Material for this task
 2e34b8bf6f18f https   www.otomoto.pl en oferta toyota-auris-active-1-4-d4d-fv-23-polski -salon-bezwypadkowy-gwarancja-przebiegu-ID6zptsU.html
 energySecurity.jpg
==
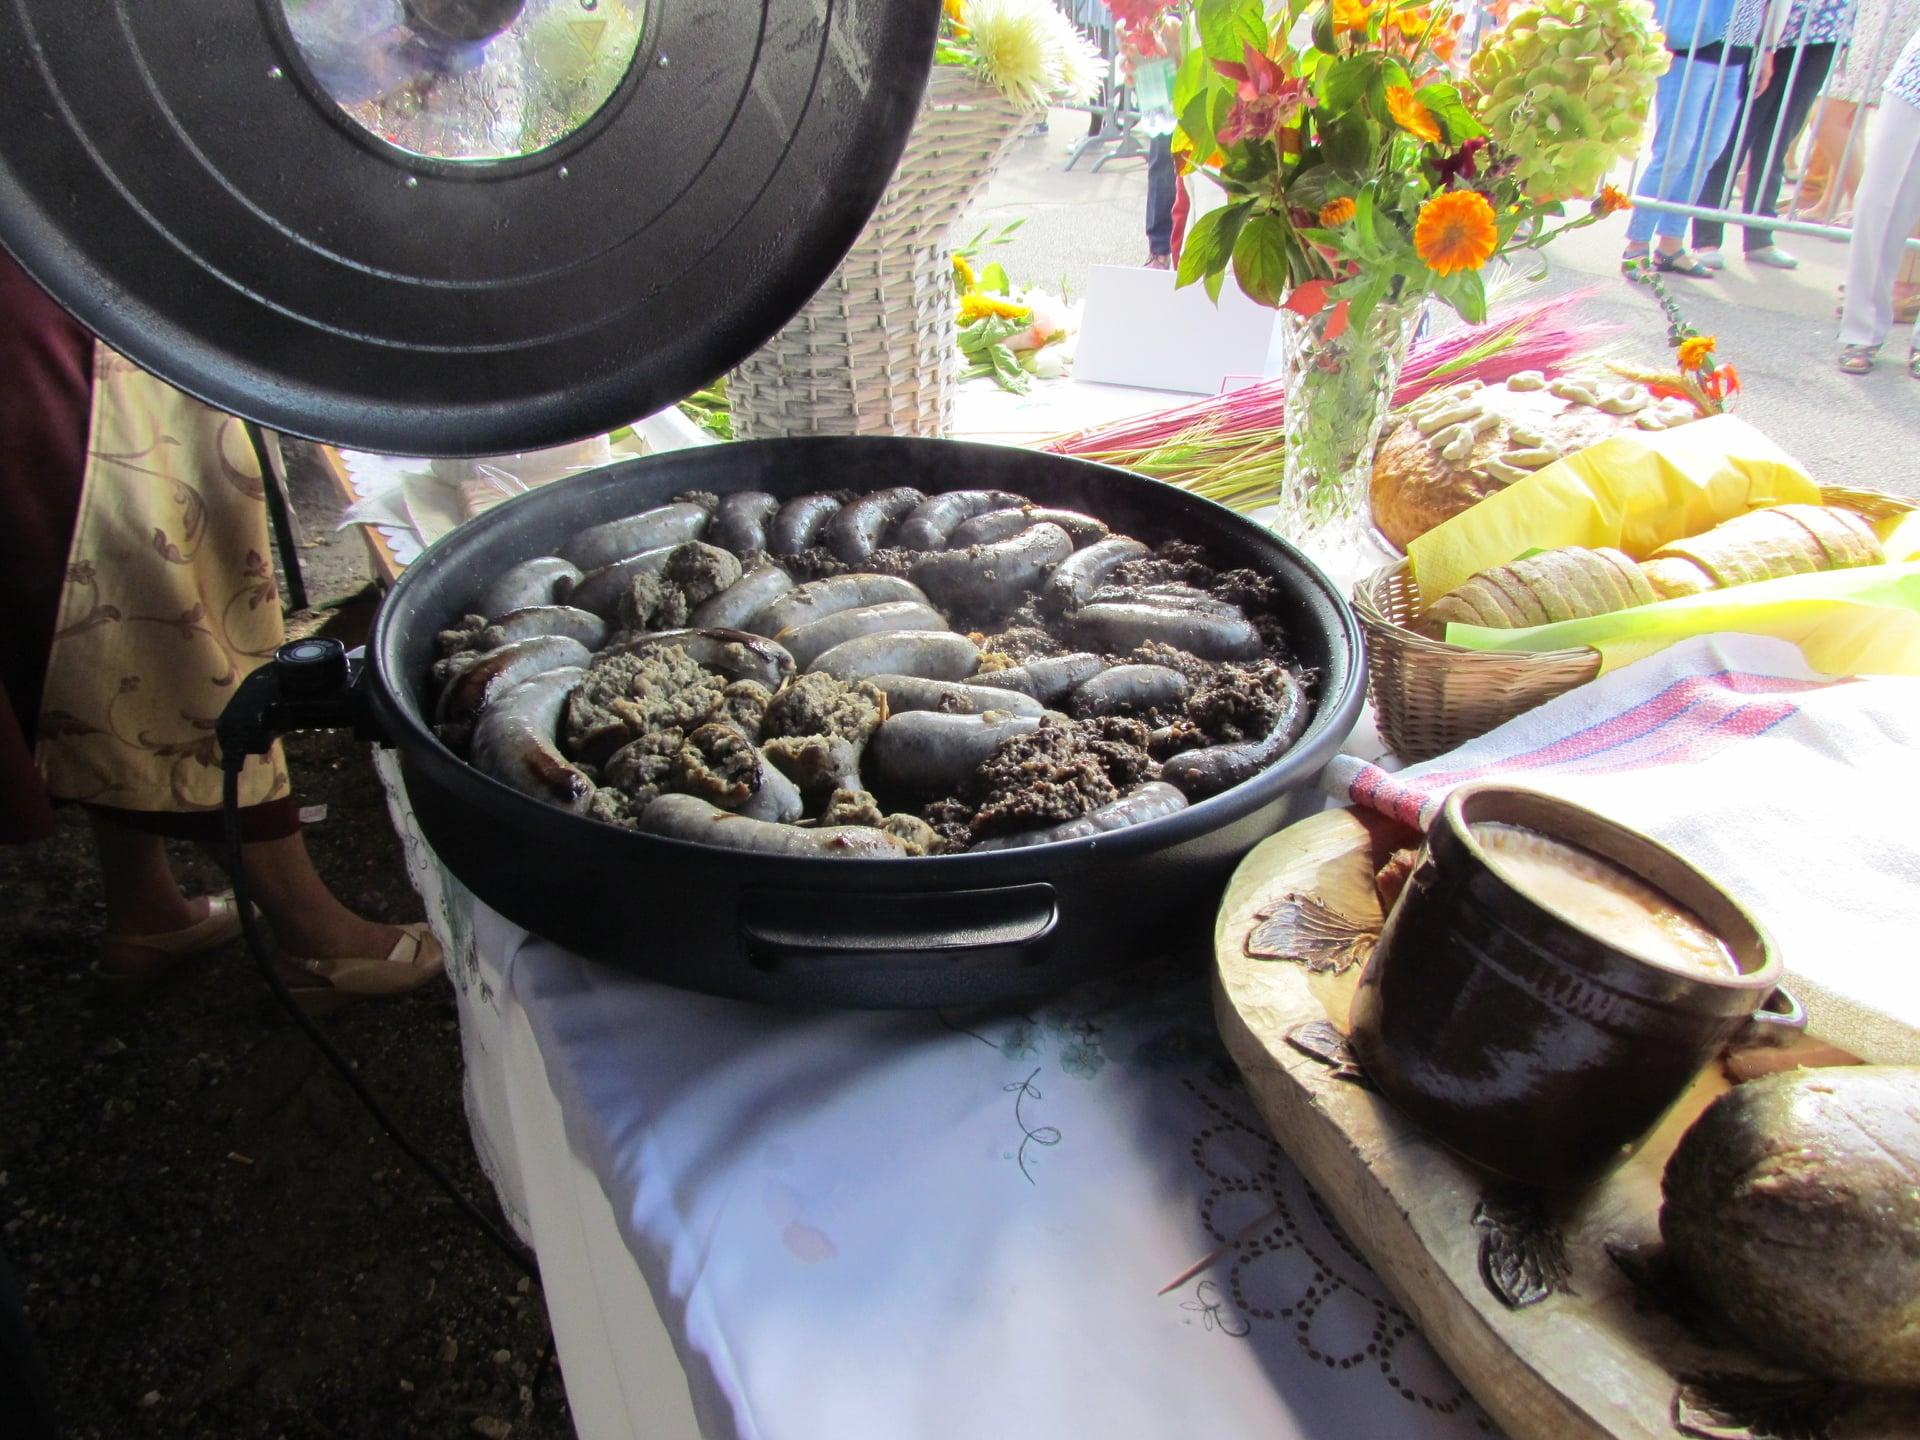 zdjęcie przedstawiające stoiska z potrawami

Exercise prompt
Reproduce word for word the material above, starting with the line that has "www.otomoto.pl en oferta" and stopping after the line that has "energySecurity.jpg".

Output of the task
 2e34b8bf6f18f https   www.otomoto.pl en oferta toyota-auris-active-1-4-d4d-fv-23-polski -salon-bezwypadkowy-gwarancja-przebiegu-ID6zptsU.html
 energySecurity.jpg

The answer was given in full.